What can possibly be said about Stonehenge that has not already been said? No doubt stories and experiences have been passed on for more than 3000 years. We had read many of them before we left and decided to visit simply because it was there. It was close to Bath where we planned to spend four days, therefore it had to be. At least, we could say we had seen it.
Nothing we read or viewed or listened to could ever have prepared us for the visceral impact. Stonehenge is so much larger than we expected, the engineering more stunning, the emotional stirring unexpected, the majesty unexpected. Having been told that we would not really “see” it unless we had a permit to walk on the inside, which we could not obtain, turned out to mean nothing. Every bit of Stonehenge touched us.
We walked very slowly around it, stopped often, listened, found the silent spot within, and it was enough. Several times, we walked away from the monument and then walked back toward it simply to assess the impact. It was always different and it was always deep.
Trying to imagine how it might have been used, we were primarily tuned into the immensity and that there were so many conflicting dimensions: Healing, worship, community, celebration, reverence, and more.
No matter what we had or had not studied, the key was the effect on us. Stonehenge seemed very personal, a sacred space to look inward through different eyes. It is truly a sacred space.

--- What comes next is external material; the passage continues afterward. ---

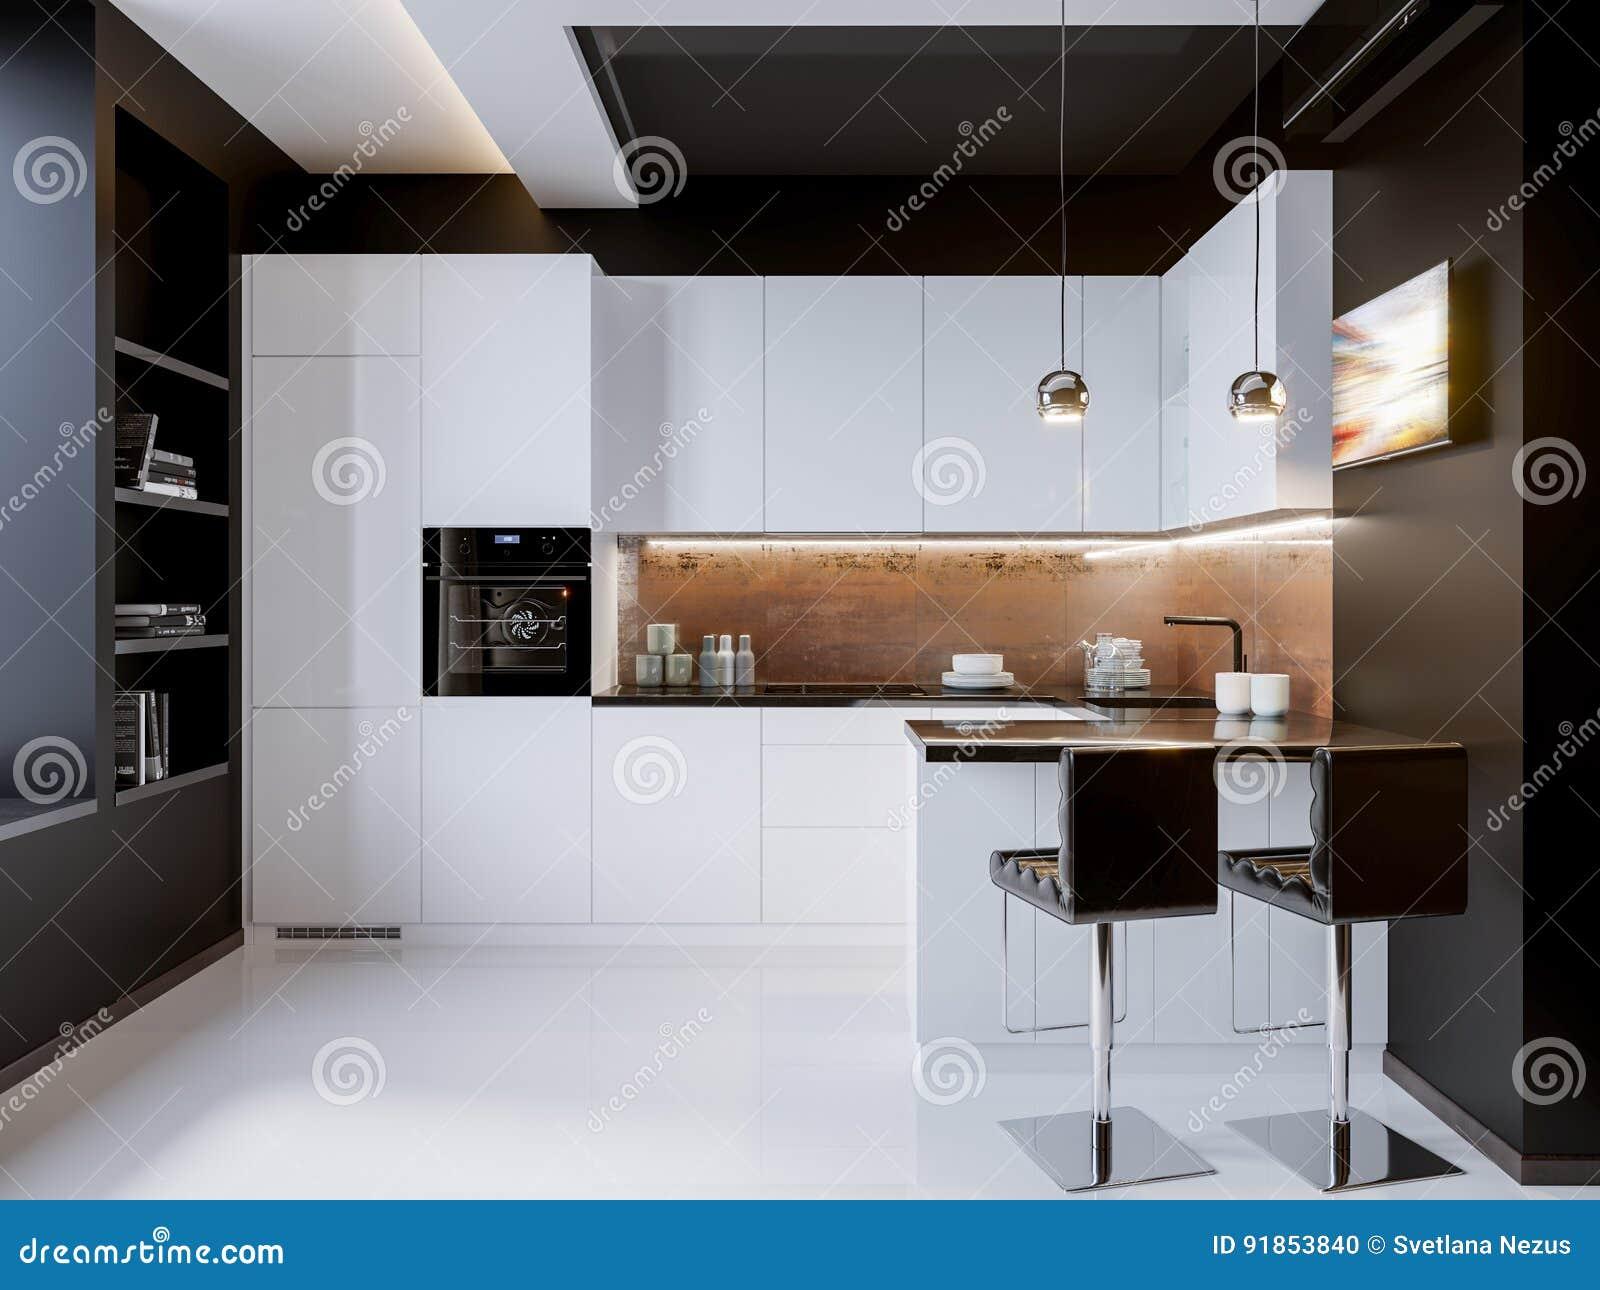 Moderne Keuken Ontwerpen : Het witte binnenlandse ontwerp van de contrast moderne keuken stock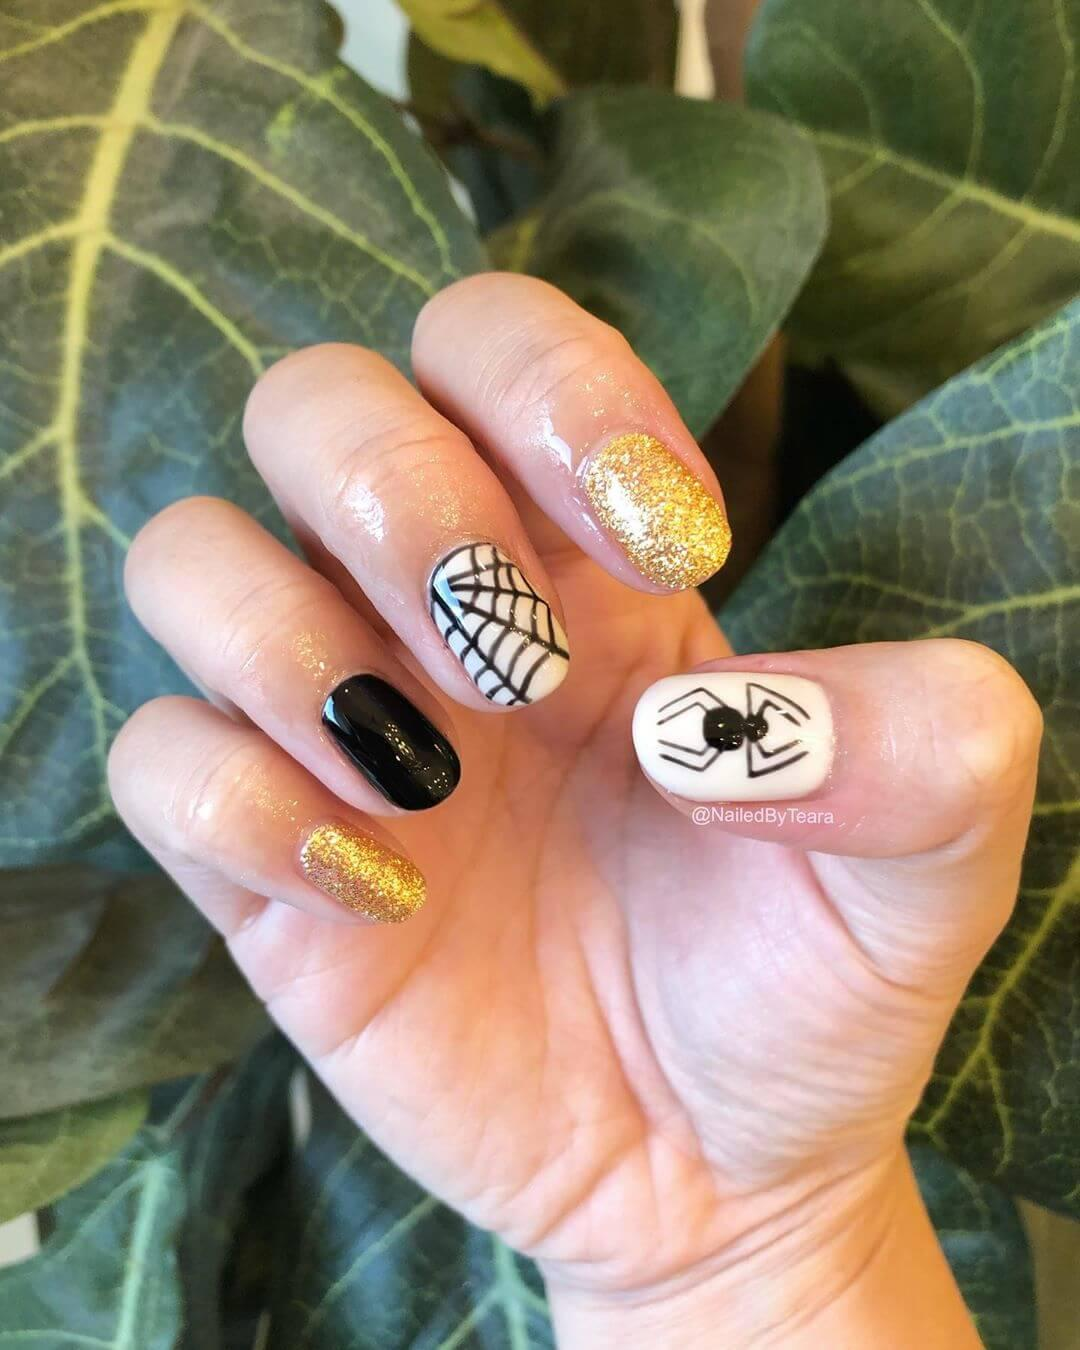 décoration d'art des ongles avec des araignées d'halloween

Neither of us was really aware of other visitors until a large tour bus arrived, then another, then another, each with its expert guide. We realized that our inner peace had departed.
That seemed to be the perfect time to drive to Avebury and its English heritage site. If all the hordes of tourists and seekers had arrived at Stonehenge, perhaps there would be no one at Avebury. And that proved to be so. We enjoyed the remaining hour of daylight to walk among the stone circles, again wanting our intuition to tell us the intention, the history, the why. We both sensed that exploration of Avebury had really only begun and that much more of it would be discovered.
Avebury, the town, is built around the stone circles and is a wonderful way to incorporate the ancient with all that has been built since. A fitting end to the day was having the evening meal at the Red Lion Pub which features good fare and service. It is said to be haunted, but we saw no evidence of those kind of spirits! The food and beer were just fine, the staff hospitable, and the other guests friendly. The drive back to Bath was straightforward.
One of the unexpected aspects of the trip was that both sites are visible from major thoroughfares! They are simply part of the terrain…and have been for millennia.
If you will be in London, there are tours to Stonehenge that will save you time and planning. If time is available, we recommend that you travel to Bath, follow the course we did (Bath, Cotswalds, Stonehenge / Avebury), and make even more of it.